The medical evidence from a doctor of long experience, whose qualifications were admitted, described the condition of the body. There were some cuts, bruises and scratches on her face extending into the scalp; a small cut on her nose, one cut on the upper lip and bruises over the face and each side of the neck; bruises on both arms and on one of her legs; one cut through and along the right eyebrow and above that another cut into the bone, with the skin peeled back; bruises over the chest wall and the abdomen was distended. On pressing the abdomen there was a 'slushing sound, a bogginess indicating fluid'; there was a 'crepitation' of bones over the left side of the chest and over the liver, fractured ends of bones rubbing together causing the same; there was a softness over the right side of the liver and there was no resistence from the ribs; numerous bruises were over both sides of the chest wall and back and considerable disfiguration; the ribs would push in and offer no resistence on pressure and the same slushing sound was exhibited on pressure on the chest wall; also 'crepitation of broken bones' over both sides of the chest wall. An autopsy disclosed that on opening the cranium the scalp was thickened from bruises but there were no bone fractures; when the chest wall was opened it was shown that the thoracic cavity and both lungs had collapsed; there were fractures of the ribs from the back which tore into the lung cavity on both sides, every rib on the right side from the seventh down being completely fractured and torn into the pleural cavity; some ribs on the left side were also fractured completely and also torn into the pleural cavity; there was a considerable amount of blood in the right chest cavity and the abdomen, grossly about five or six pints of free blood in the addominal cavity; the liver was also fractured in two places and a good sized part of the liver was torn loose completely.
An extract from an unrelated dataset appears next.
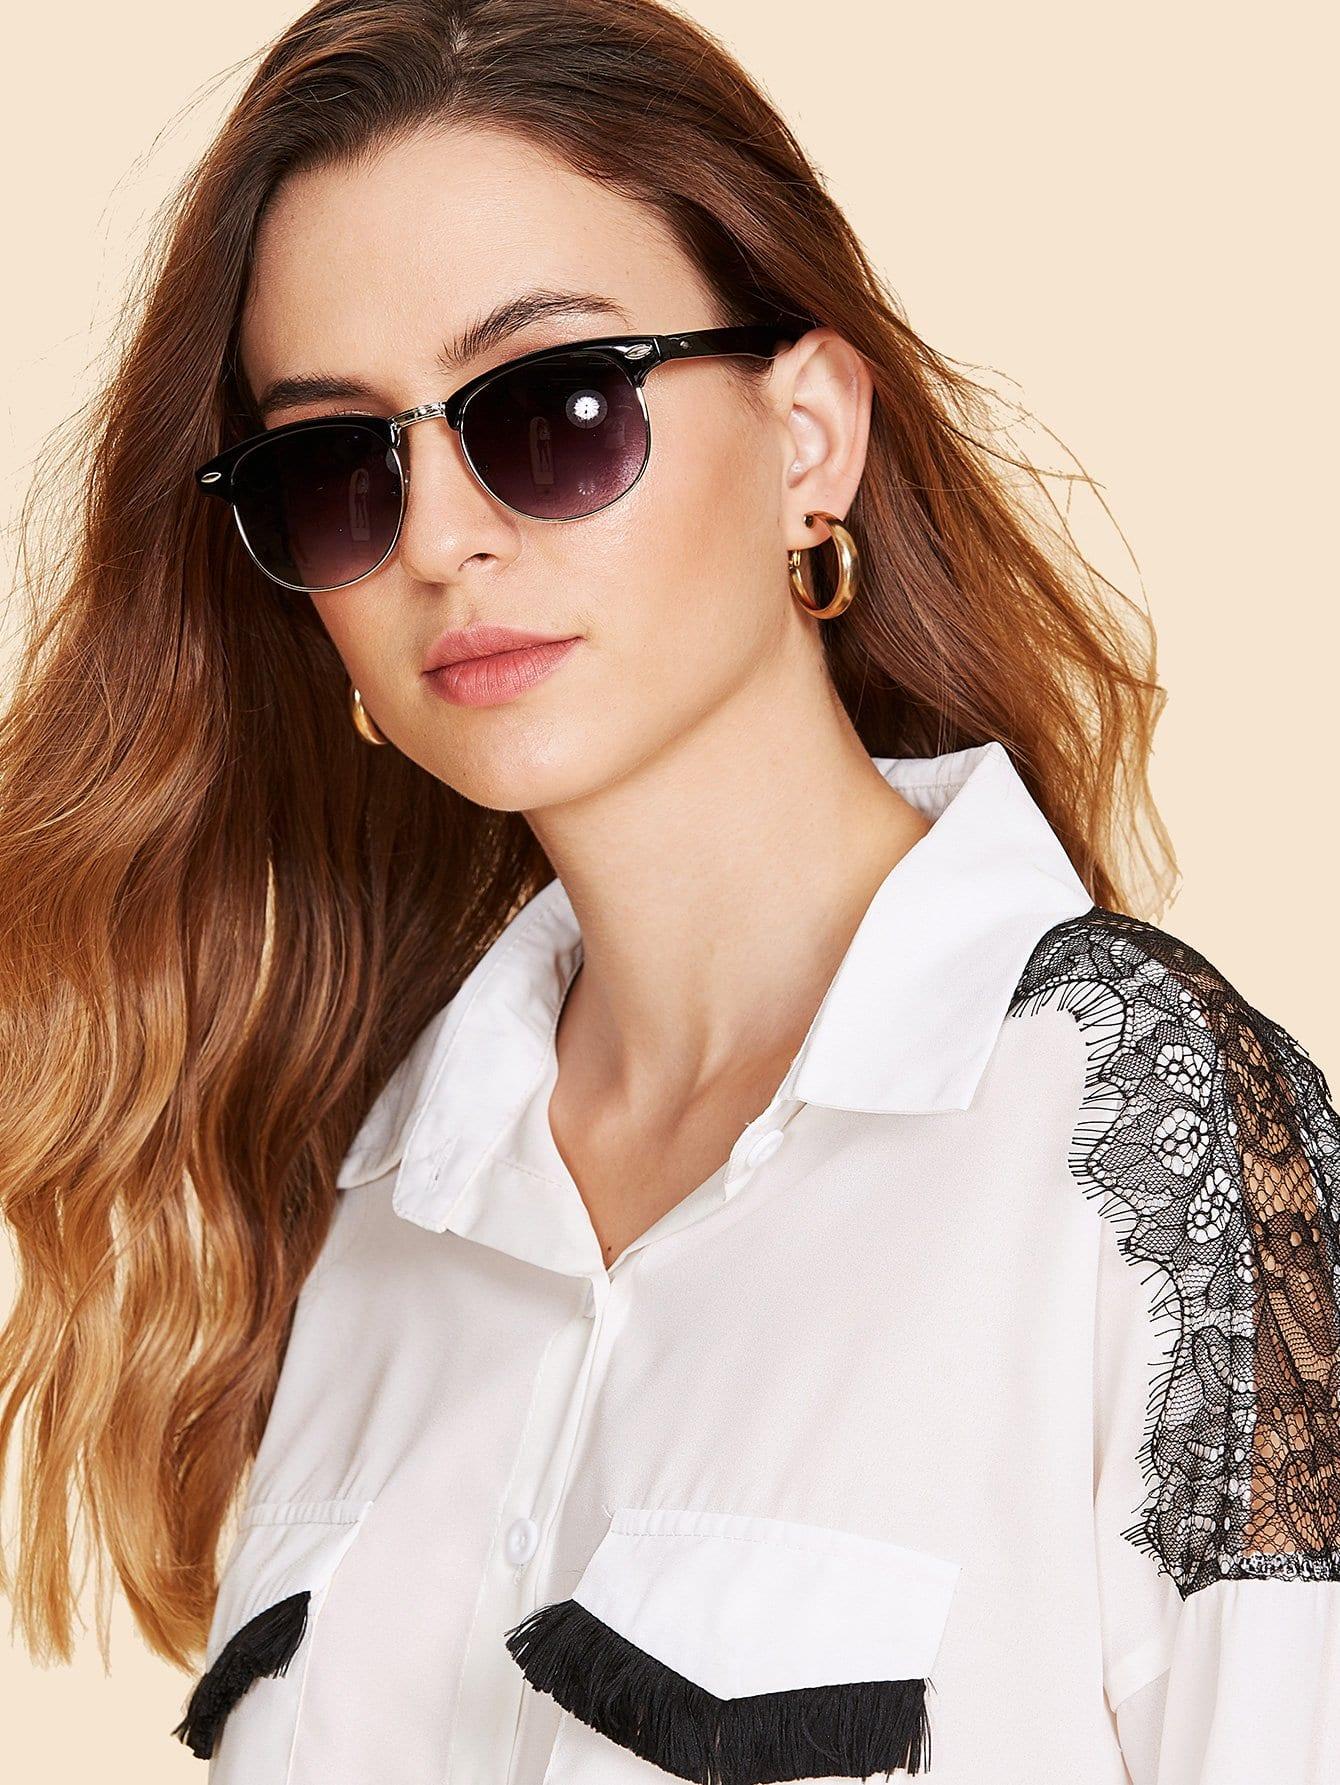 Mirror Lens Sunglasses triangle design mirror lens sunglasses

It was the opinion of this medical expert that some forcible blow produced the fracture of the liver and that death resulted from a forcible injury of some type and that the fracture of the liver as well as shock could have produced death; that these injuries were produced by some forcible blow which could have been caused from a man's fists or by kicking or stomping the body or by throwing it against a door facing.

The indictment was in five counts charging the defendant with murder in the first degree (1) by stomping his wife with his foot, (2) by kicking her with his foot, (3) by beating her with his fists, (4) by some means unknown to the grand jury, (5) by throwing her body into, upon or against a door facing. Just exactly the means which produced death is left to inference from the circumstances, but a verdict under any of the counts would have been proper. A general verdict was rendered.

The defendant did not testify and his principal defense was rested on insanity and drunkenness in mitigation of punishment. There was evidence that his mother had at one time been confined in a mental institution and that her brother, his uncle, had been an inmate of such an institution for many years; that the defendant in childhood had been of a moody disposition and sometime recently had received a lick on the head which affected his power of balance and orientation and that since having received this lick on his head, liquor unduly affected him. There was countervailing testimony of lay witnesses that in their opinion defendant was normal and the defendant's superintendent where he worked testified that although he was slow in doing his job, he was a fairly good worker, and seemed to be normal mentally. Some lay witnesses testified that in their opinion defendant was not normal mentally, but this evidence--all of it--went to the jury for decision of the question of insanity or drunkenness to reduce the grade of the crime.

There was expert opinion evidence that the defendant was insane, but the probative force of this expert opinion evidence to overrule the presumption of sanity was also a question exclusively for the jury. Reedy v. State, 246 Ala. 363, 20 So.2d 528; Hockenberry v. State, 246 Ala. 369, 20 So.2d 533; Lee v. State, 246 Ala. 343, 20 So.2d 471; Parsons v. State, 81 Ala. 577, 2 So. 854.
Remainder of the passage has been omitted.